I love you. 

Three of the most powerful, yet arguably, over-used words in the American vocabulary. 

Like money when an over abundance is printed- it loses its value, so are the words I love you when casually tossed around . . . they grow stale. 

Last year in Romania I  was re-awakened to God’s love for me. God’s love was not dormant, but in my heart phrases like, “Jesus loves me” or “God loves me unconditionally” lost their luster. I had simply heard them repeated to me over and over and over again since childhood. Their value to me was a head knowledge. 


Okay great, God loves me . . . check. Next item on my super-spiritual, Christian list please . . . 


But then God ignited something different in me as I walked the hills of Romania with him; or asked him to fling stars across the sky just for me . . . and he would! I was no longer content with the level to which I had known or  felt God’s love all these years prior. Something was missing. I was still wanting and searching for something more. That month on the WR, God revealed Himself to me on a deeper level as Father. The deep love a father has for his daughter and it was in that love that I rested and reveled. 

In Khmer class the other day a teammate asked our teacher, “Nek Gruu, bpiiek ‘I love you‘ Khmer taa mut?!” 

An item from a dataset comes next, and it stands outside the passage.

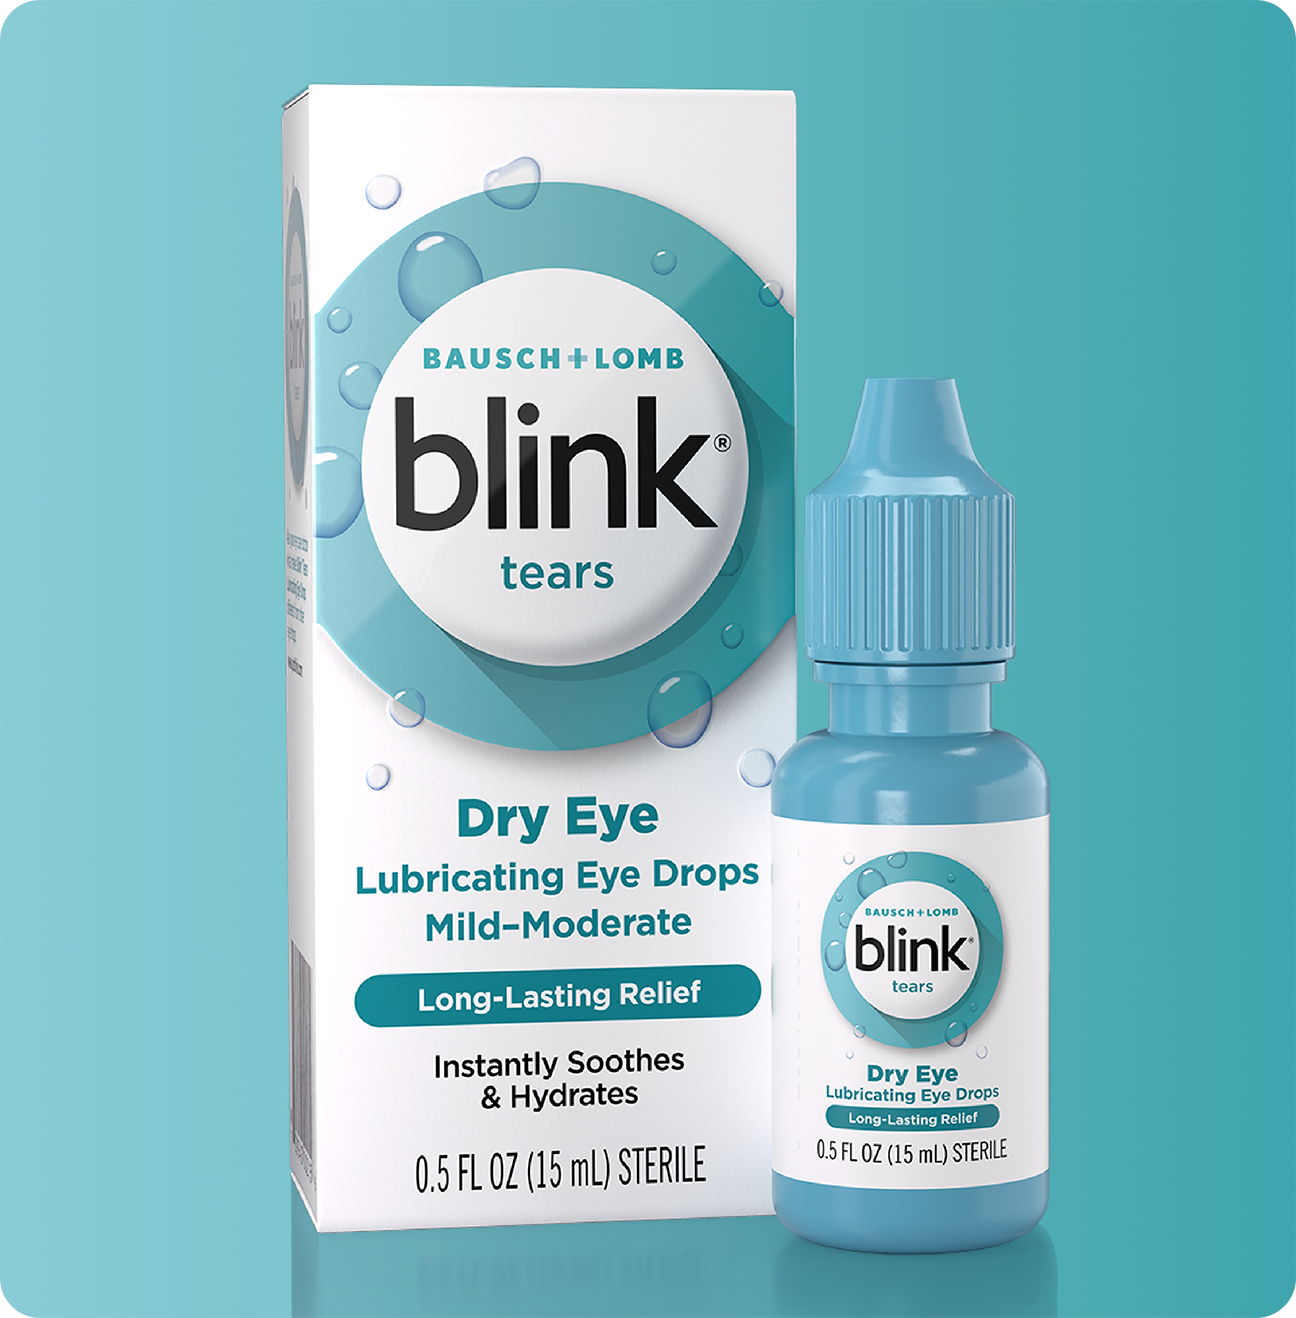 Blink Tears Lubricating Eye Drops bottle and carton

(Teacher, the phrase ‘I love you‘ how do you say in Khmer?) 

She answered, “knyom sroline nek” 


. . . what came next shocked me. 


“But in Khmer, we don’t use really.” 

WHAT?!

She went on to explain. . . sometimes you will hear a husband say to his wife or maybe sometimes a boyfriend to his girlfriend, but really we don’t use it. 

I asked, “What about between parents and children?” 

“No,” she said. “Like, for instance, my mother, she has never said that to me.” 

I came from a world where the words are so tossed around the potential for their potency to diminish is high; into a world where they are so rarely spoken that their value may not fully be recognized.


I have been asking Jesus the question, “What are the effects of both on a people and a culture?!”

In Western culture I see people devaluing themselves- I was one of them once- as a result, we hear God say,  ‘I love you’ but then we tuck that information into the far recesses of our brains or allow it to roll off our backs as we keep on believing lies about our worth. As such, we are not living in the fullness of God. 

Here in Cambodia, I wonder, what will happen when I begin talking to people about the Love of God . . . will they be able to grasp it? How foreign is this concept in Khmer culture? Will they even be able to accept that Creator God, Heavenly Father looks on them and utters these three powerful, little words, “I love you,”  if they have never heard it from their earthly Father?!